About this task. Type out the lines below exactly, pictures excluded.

Dataset section.

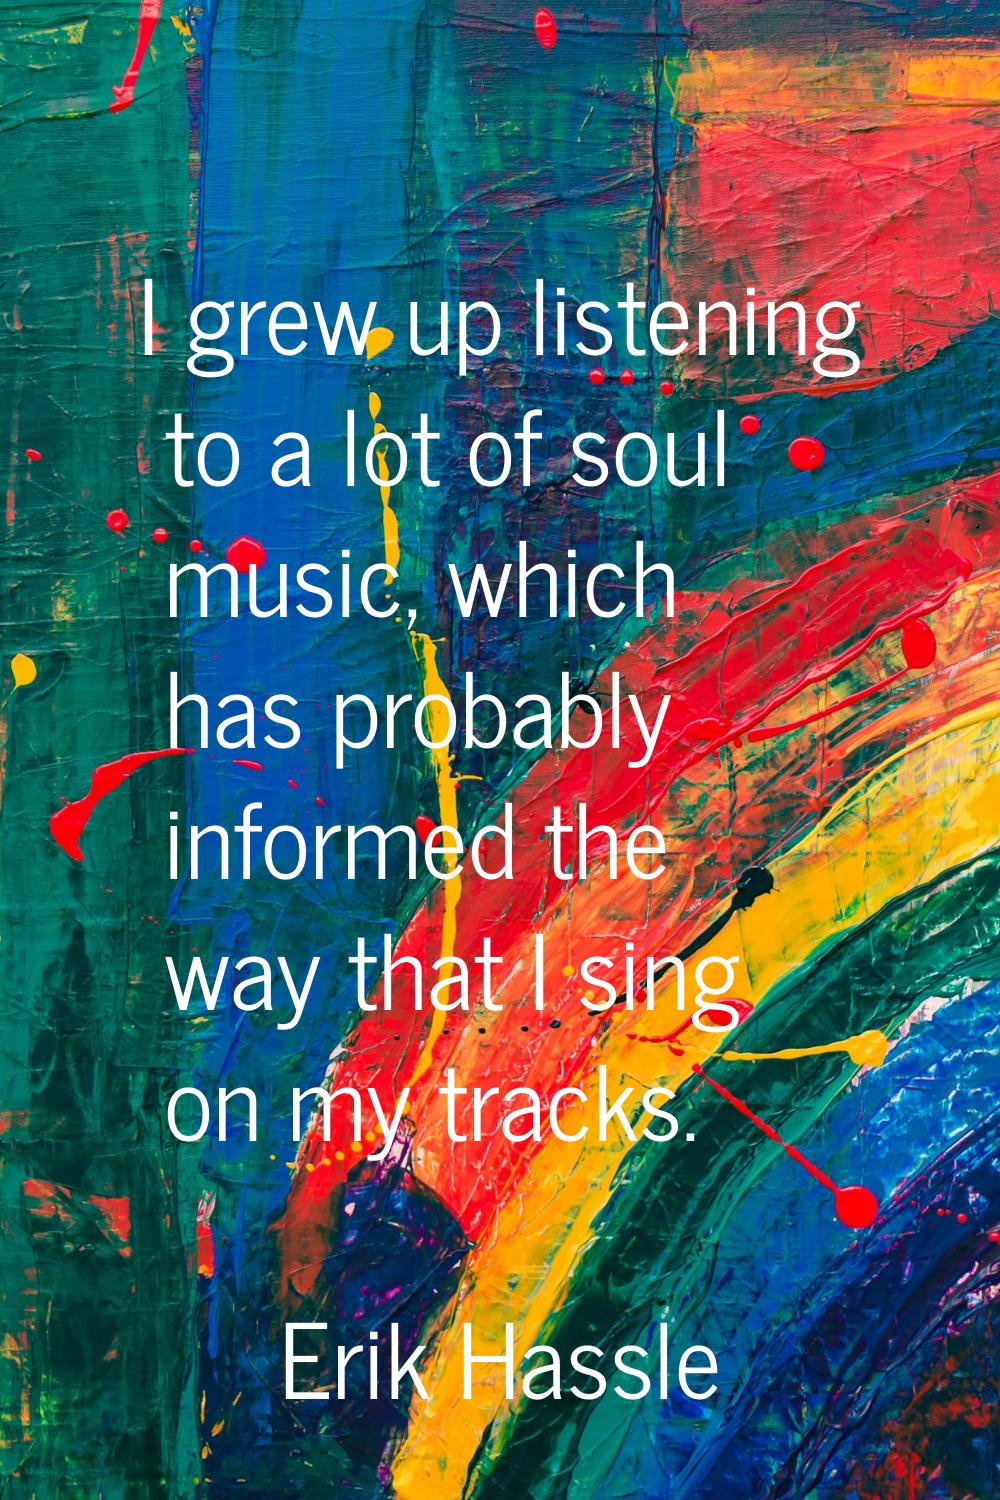 I grew up listening to a lot of soul music, which has probably informed the way that I sing on my t
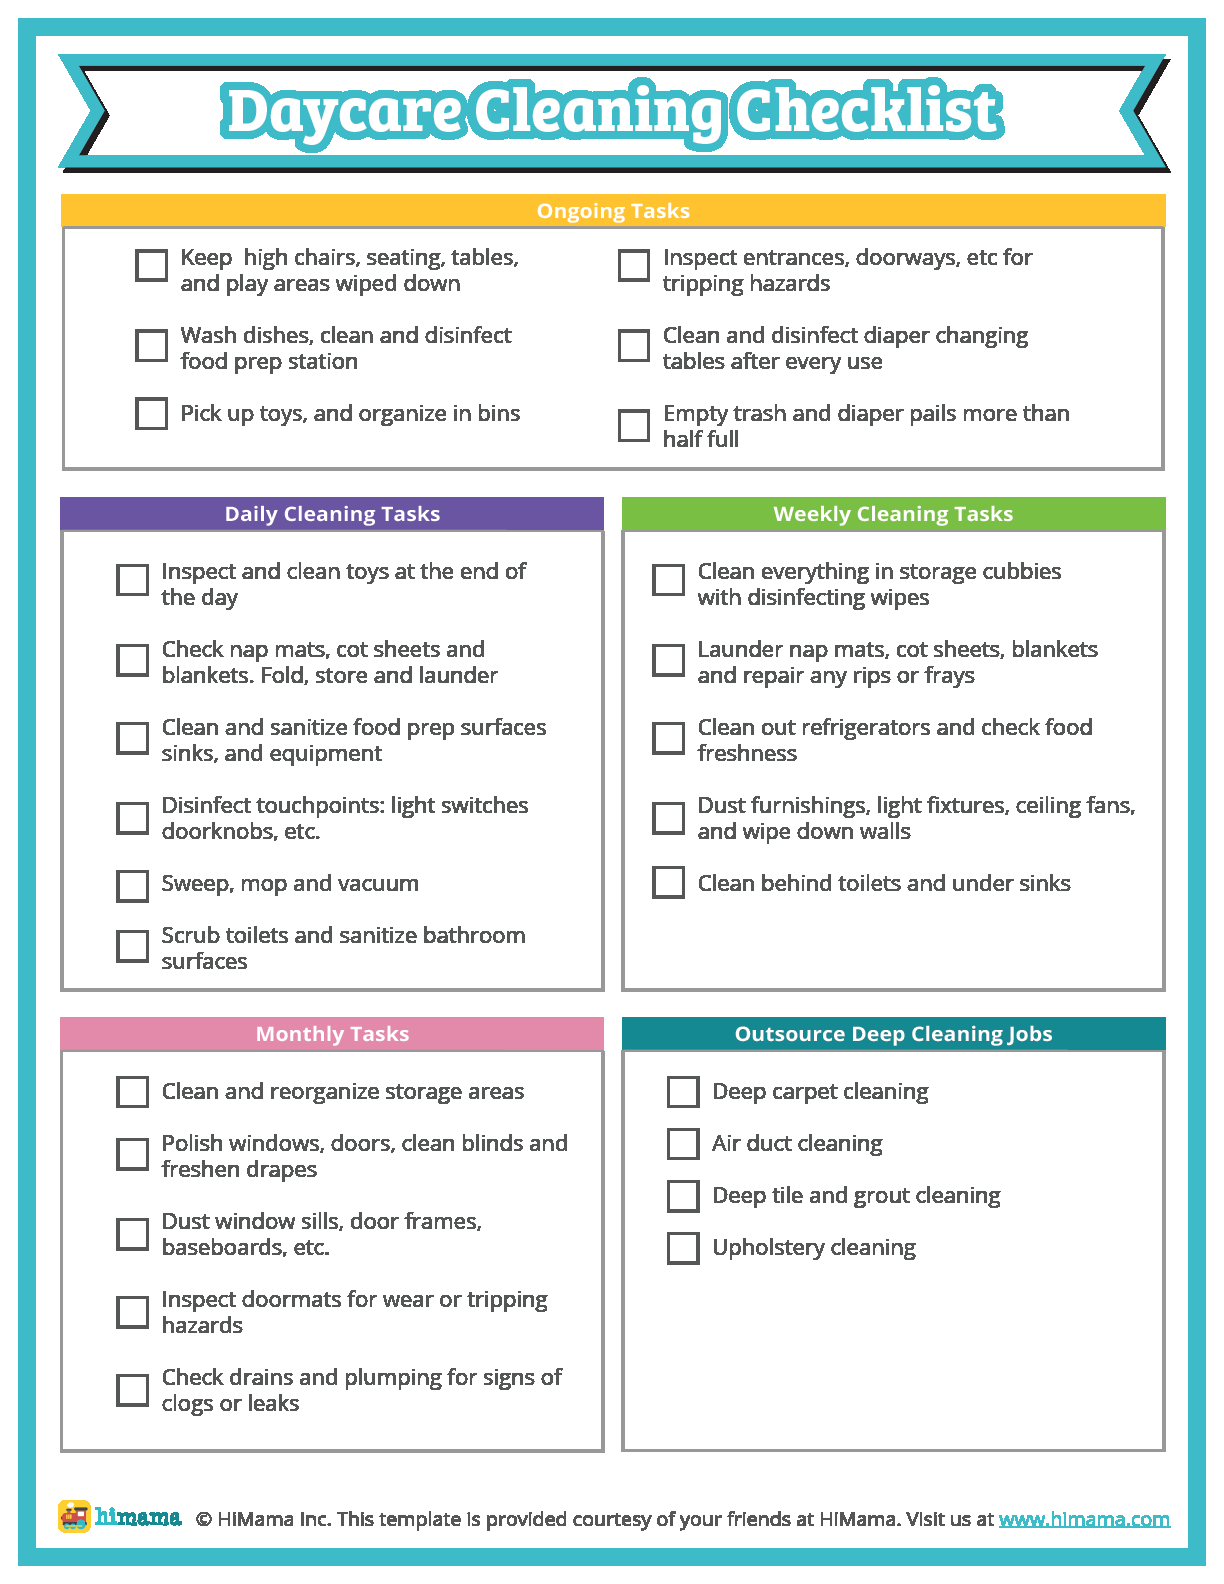 Daycare Cleaning Checklist - Free Templates  HiMama Intended For Daycare Checklist Template Within Daycare Checklist Template
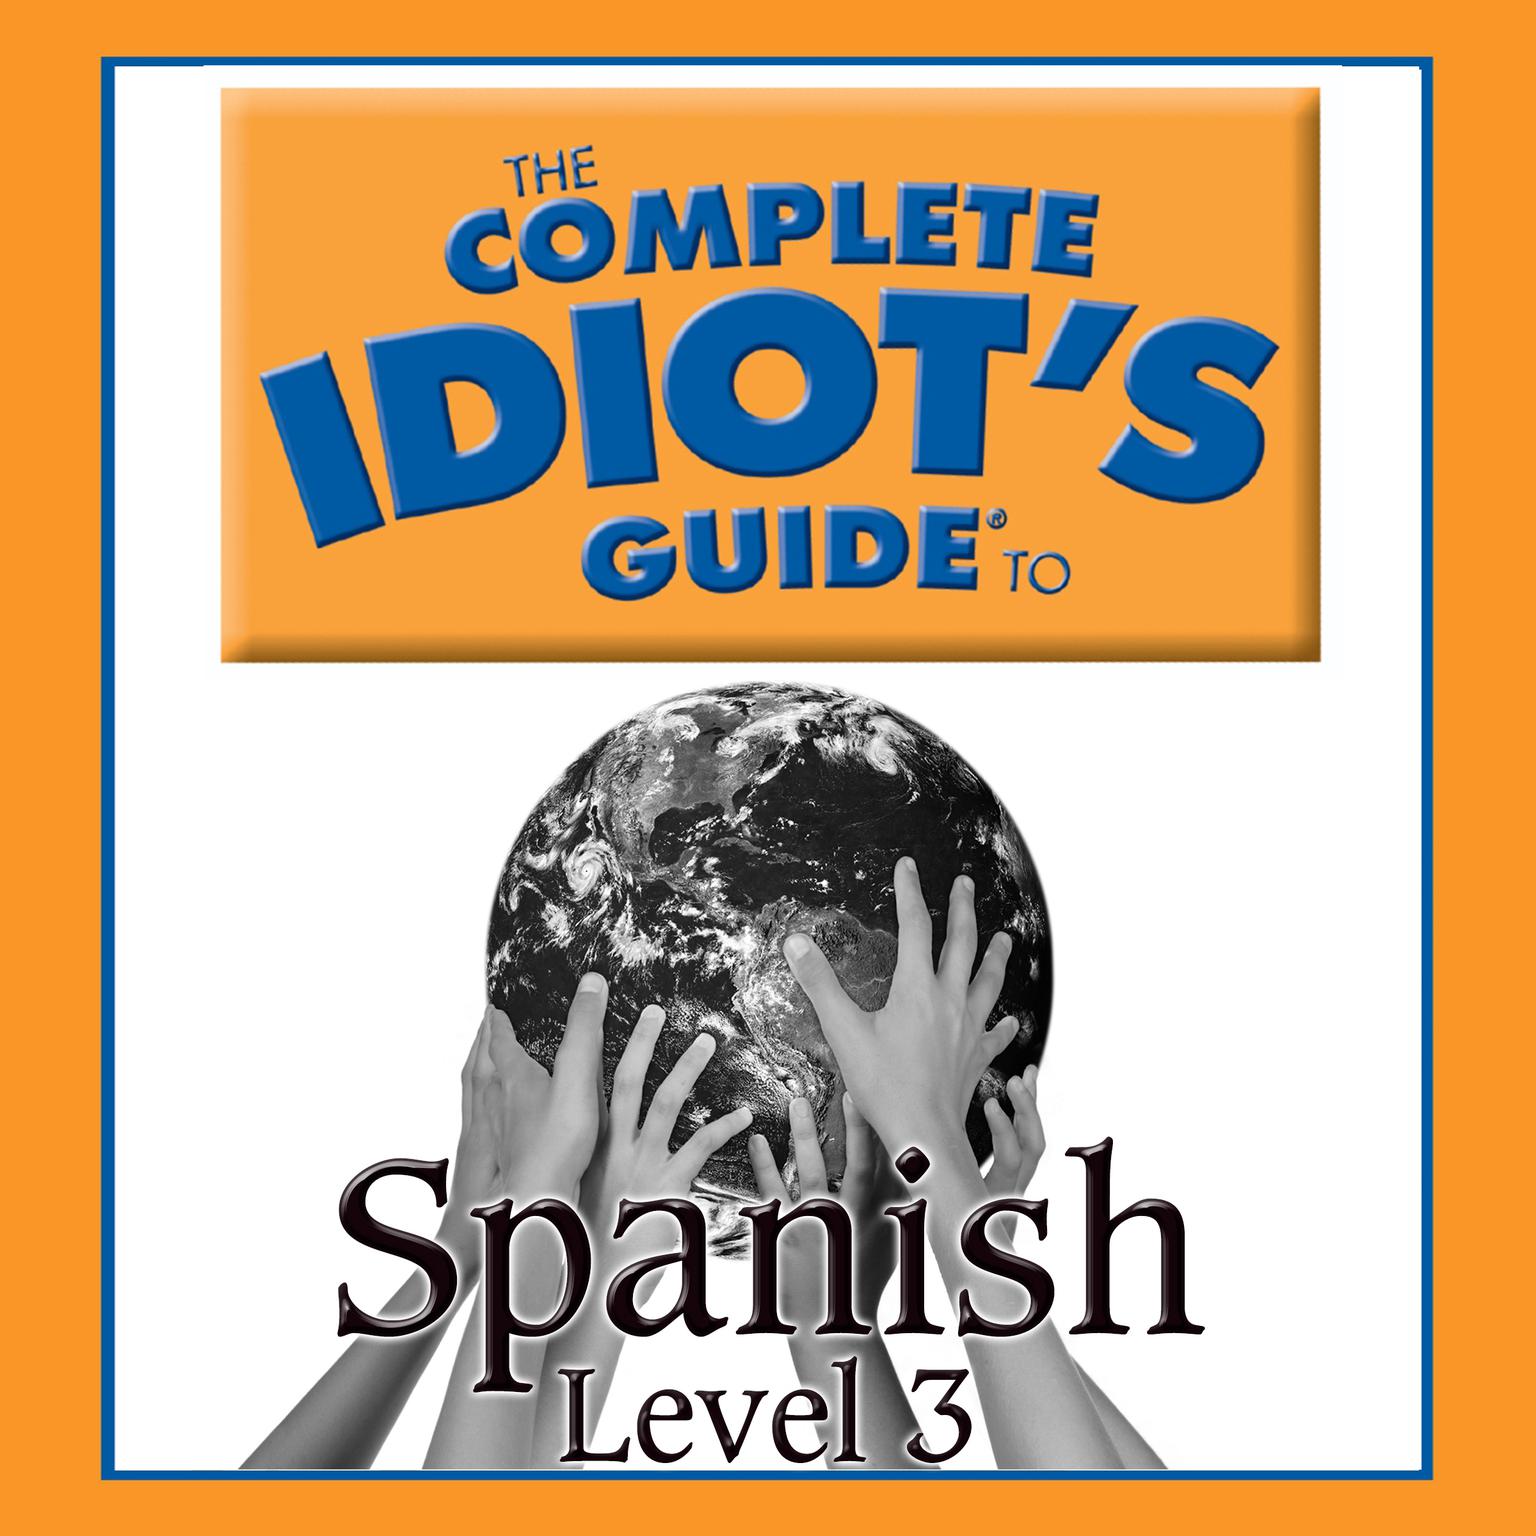 The Complete Idiot’s Guide to Spanish: Level 3 Audiobook, by Linguistics Team
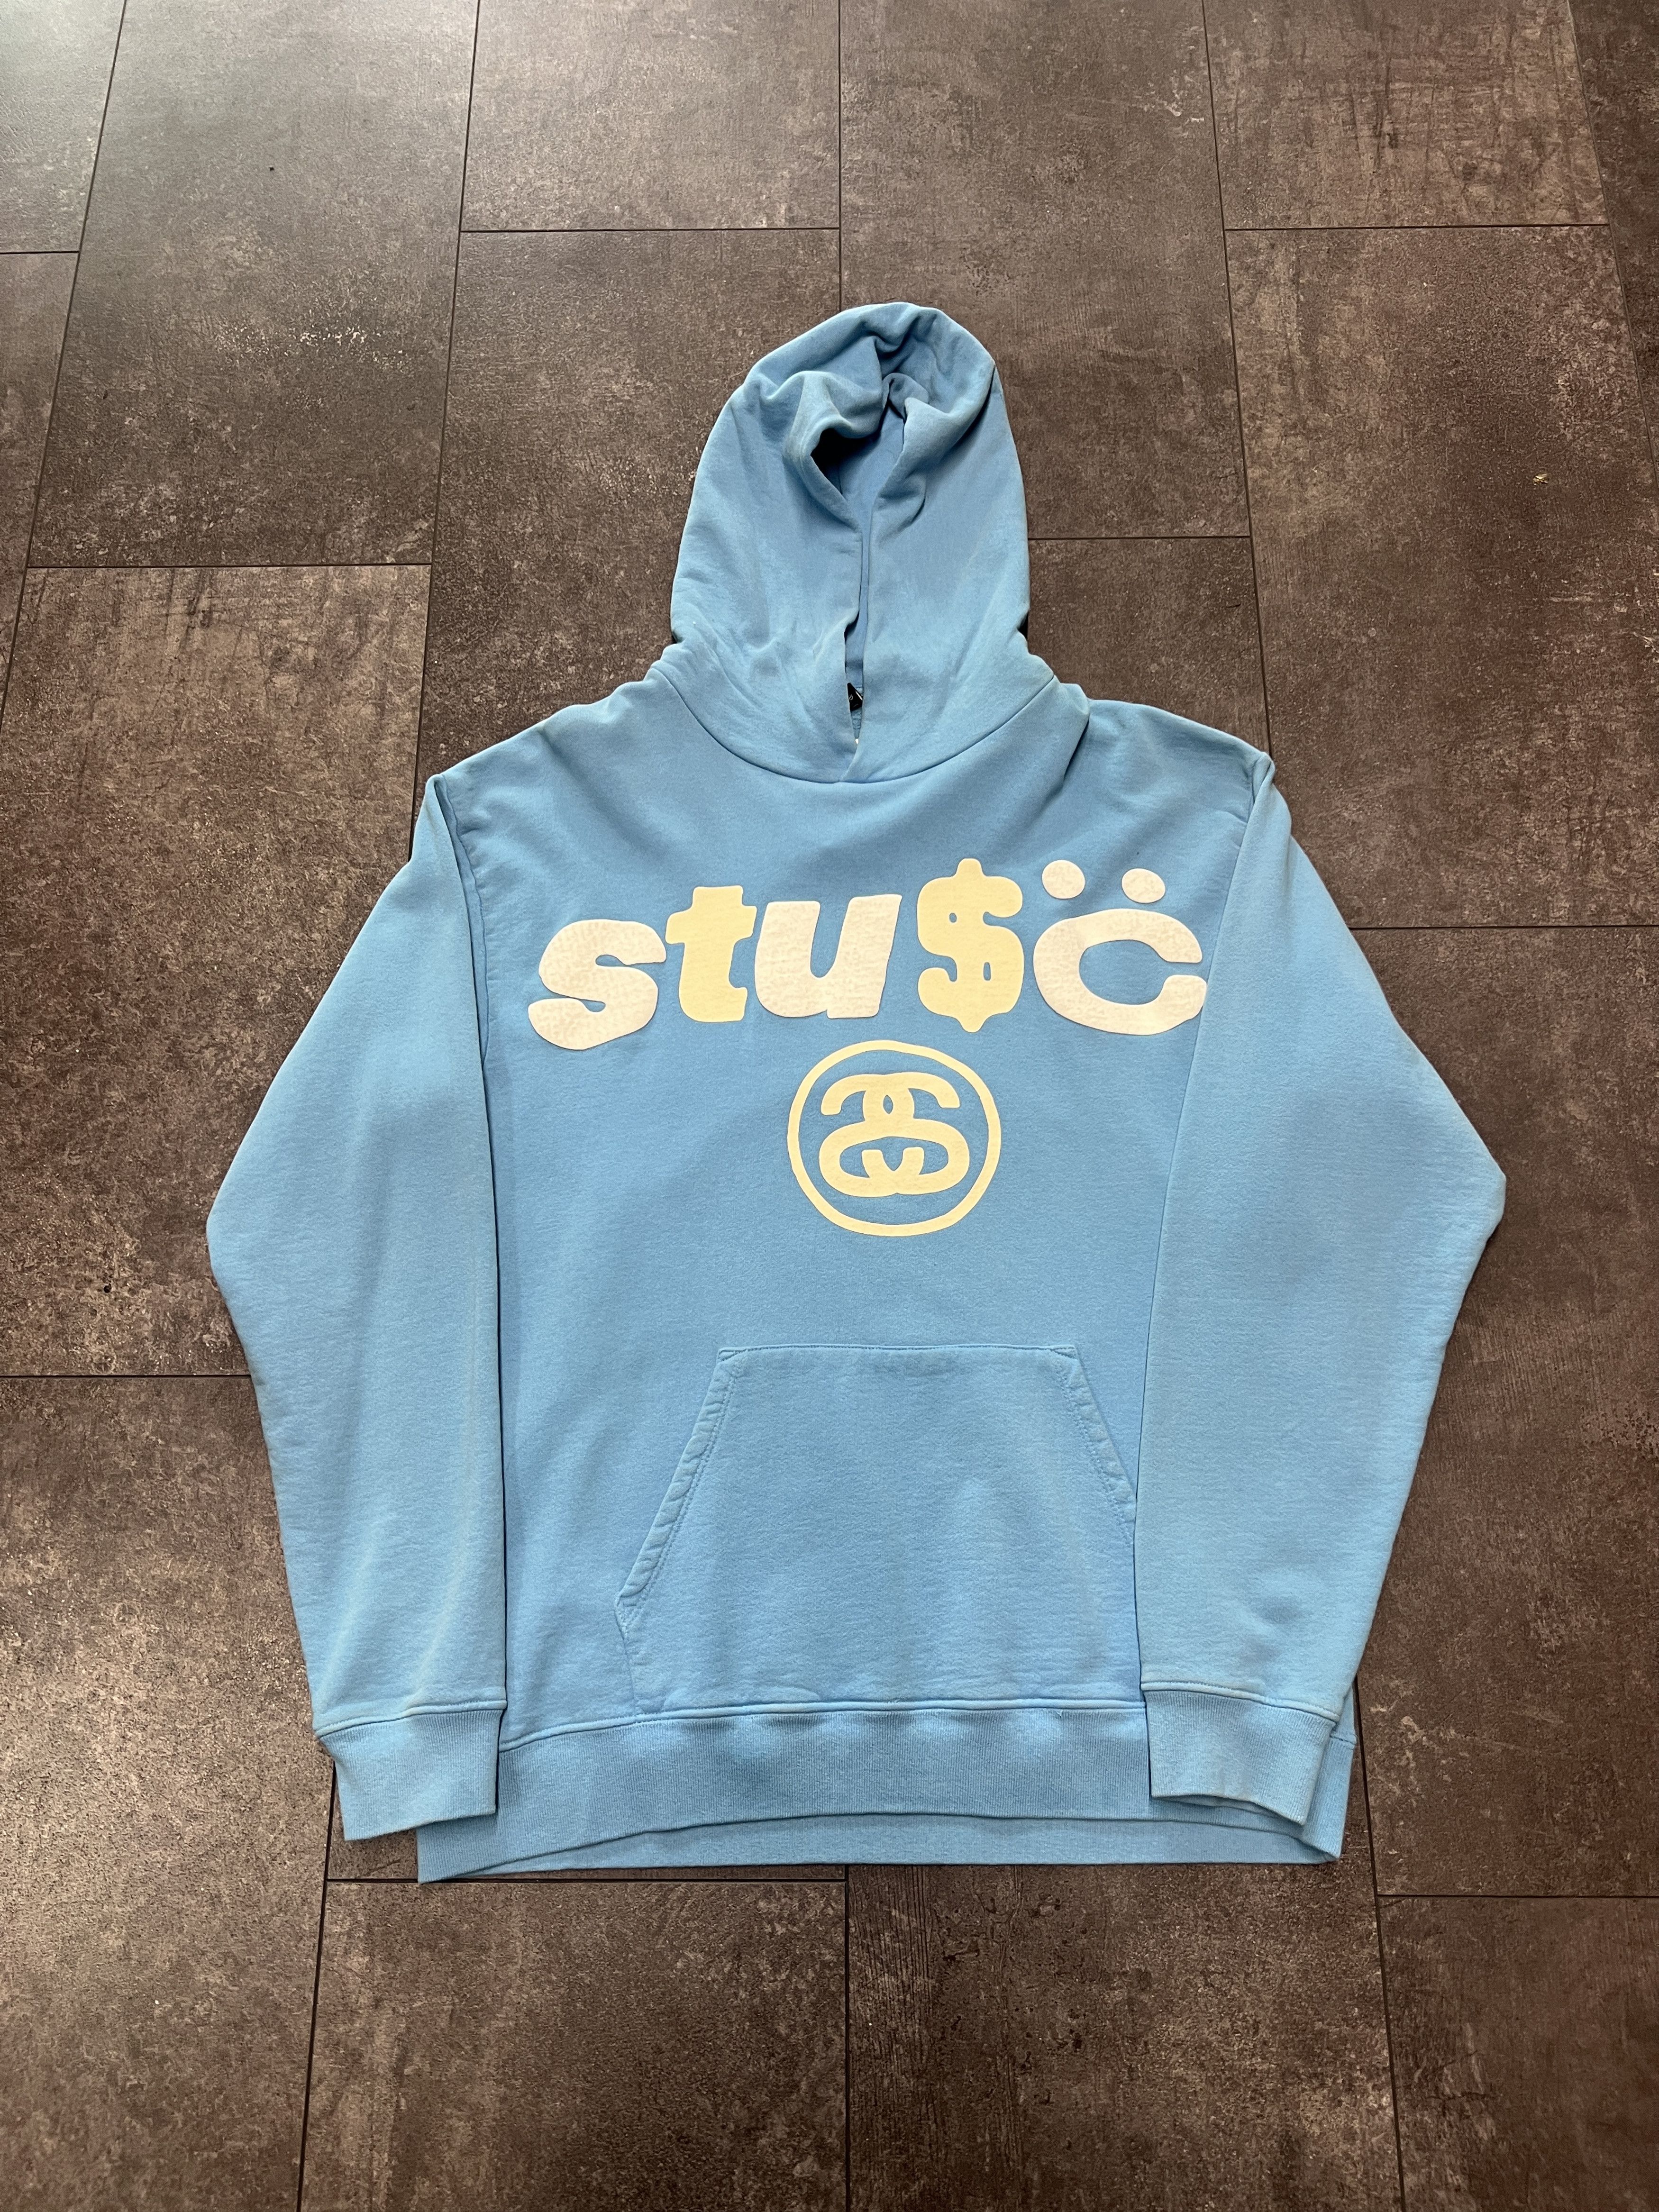 Stussy Stussy CPFM 8 Ball Pigment Dyed Hoodie | Grailed

Result for this exercise.
 I grew up listening to a lot of soul music, which has probably informed the way that I sing on my t
 Daycare Cleaning Checklist - Free Templates  HiMama Intended For Daycare Checklist Template Within Daycare Checklist Template
 The Complete Idiot’s Guide to Spanish: Level 3 Audiobook, by Linguistics Team
 Stussy Stussy CPFM 8 Ball Pigment Dyed Hoodie | Grailed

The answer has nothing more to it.